Asıl İşveren Ve Alt İşveren ( Taşeron ) İlişkileri

 İşletmelere yaptığım ziyaretlerde, alt işveren ( taşeron ) çalıştırmada bazı eksik veya yanlış bilgilenme olduğunu gözlemledim. Ne yazık ki, bu konuda iş hayatında oluşan ve de uygulanan çalışma pratiğinin, taraflara çıkaracağı faturanın da büyüklüğü bilinmemektedir.

         Bazen de bile bile lades oynanmaktadır. Devletin kontrol mekanizmasının yeterli olmayışından da yararlanılmaktadır. Ama olası bir aksilikte, yanlış oltaya takılacaktır. O zamanda bilmiyorduk zırhına sığınılmaktadır. Kanunu bilmemek mazeret değildir.

         Bu gün bu konuda yapılan yanlışlıklara değinip, işin doğrusunu anlatacağım.       

         Asıl işveren ve alt işveren ( taşeron ) ilişkileri, 4857 sayılı iş yasasının ikinci maddesinde tarif edilmektedir. Yasa metninde;

“Bir işverenden, işyerinde yürüttüğü mal veya hizmet üretimine ilişkin yardımcı işlerinde veya asıl işin bir bölümünde işletmenin ve işin gereği ile teknolojik nedenlerle uzmanlık gerektiren işlerde iş alan ve bu iş için görevlendirdiği işçilerini sadece bu işyerinde aldığı işte çalıştıran diğer işveren ile iş aldığı işveren arasında kurulan ilişkiye asıl işveren-alt işveren ilişkisi denir” denmektedir.

         Bu ilişkide asıl işveren, alt işverenin işçilerine karşı, o işyeri ile ilgili olarak bu kanundan, iş sözleşmesinden veya alt işverenin taraf olduğu toplu iş sözleşmesinden doğan yükümlülüklerinden alt işveren ile birlikte sorumludur.

Asıl işverenin işçilerinin alt işveren tarafından işe alınarak çalıştırılmaya devam ettirilmesi suretiyle hakları kısıtlanamaz.

Asıl işveren, daha önce o işyerinde çalıştırılan kimse ile alt işveren ilişkisi kuramaz. Aksi halde ve genel olarak asıl işveren alt işveren ilişkisinin muvazaalı ( anlaşmalı) işleme dayandığı kabul edilerek,alt işverenin işçileri başlangıçtan itibaren asıl işverenin işçisi sayılarak işlem görürler.

İşletmenin ve işin gereği ile teknolojik nedenlerle uzmanlık gerektiren işler dışında asıl iş bölünerek alt işverenlere verilemez.”

 Kanun maddesi konuyu açık bir şekilde tanımlıyor. Maddeyi bölümlere ayırırsak;

·        Alt işveren asıl asıl işverenin sadece yardımcı işlerini yapabilir.
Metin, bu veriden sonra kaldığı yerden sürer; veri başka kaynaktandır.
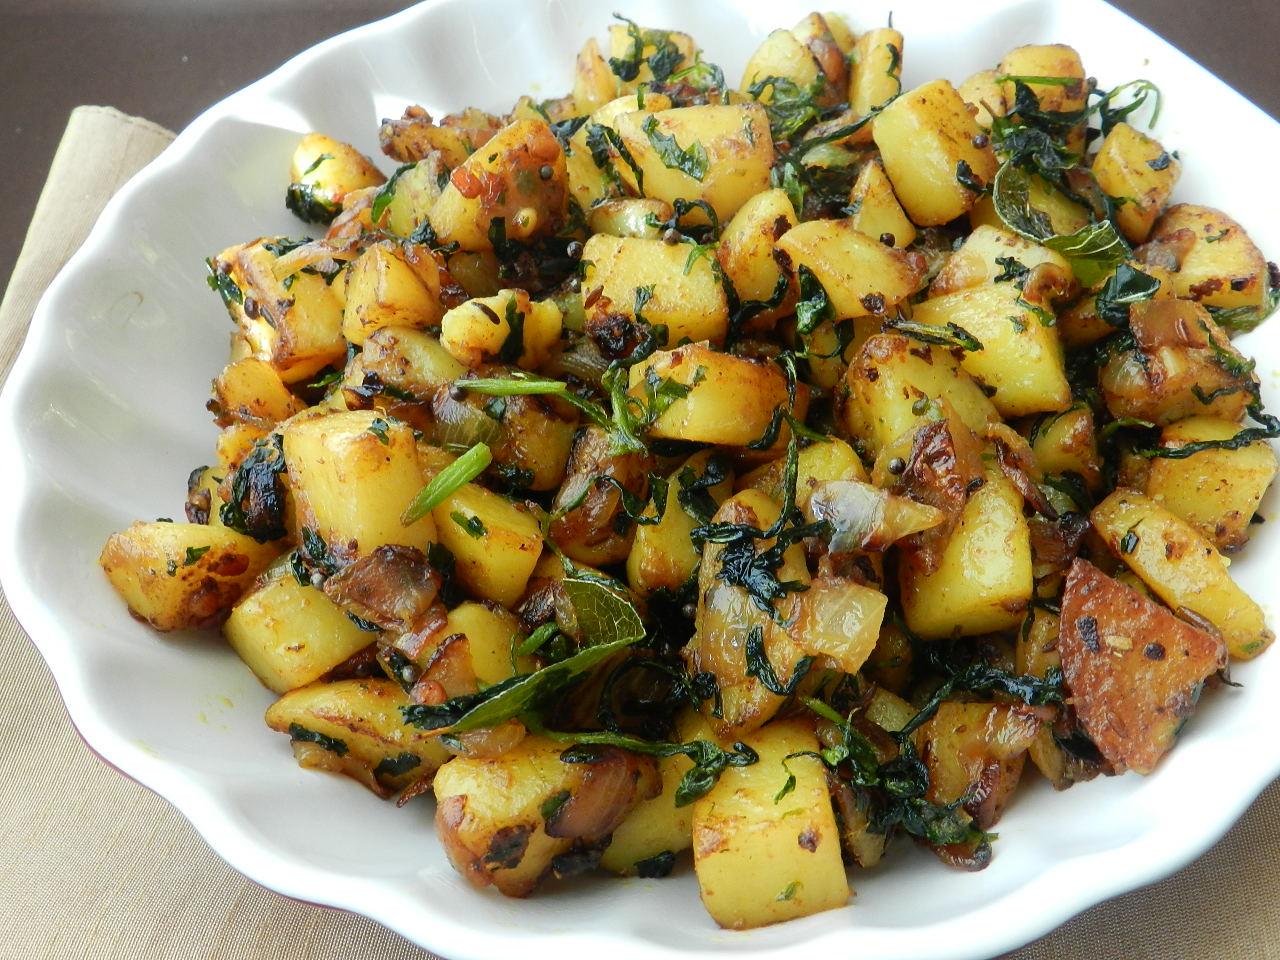 Raajis kitchen: Methi potato fry

·        Asıl işveren esas işini bölerek alt işverene devredemez.

·        İşletmenin ve işin gereği olarak teknolojik nedenlerle uzmanlık gerektiren işler alt işverene devredilebilir.

·        Asıl işverenin işçilerinin alt işveren tarafından işe alınarak çalıştırılmaya devam ettirilmesi suretiyle hakları kısıtlanamaz.

·        Alt işverenin kanuni sorumluluklarından asıl işveren de birlikte sorumludur.

         Hal böyle iken işletmelerdeki uygulamalar kanunun tarifi ile örtüşmüyor. Bu durumun uygulayıcıları, kendi işletmelerindeki uygulamalar ile kanunun istediği uygulamayı karşılaştırırlarsa işin ne kadarını yerine getirdiklerinin cevaplarını kendileri verebilirler.

         Bu çerçevede, alt işverenin çalışanları bir iş kazası geçirirse, sonuçlarından asıl işveren de alt işveren ile birlikte sorumludur. Herhangi bir iş teftişinde, iş sağlığı ve güvenliği konusunda alt işverende tespit edilecek noksanlıklardan ve noksanlıkların giderilmesinden de asıl işveren alt işverenle birlikte sorumlu tutulacaktır.

         Görüşmelerimde, birçok asıl işveren ya da yöneticilerinin, olası iş kazalarının sonuçlarından sadece alt işverenin sorumlu olacağı gibi yanlış bir bilgi ve kanata sahip olduğunu tespit ettim. Bu yanlış bilgi ve uygulamalar herkesi sıkıntıya sokacaktır.

Bu konuyu açıklığa kavuşturduktan sonra, ilgililerin de doğru uygulamalara başlayacağını umuyorum.

         Haftaya buluşuncaya kadar sağlıklı ve kazasız çalışmalar dilerim.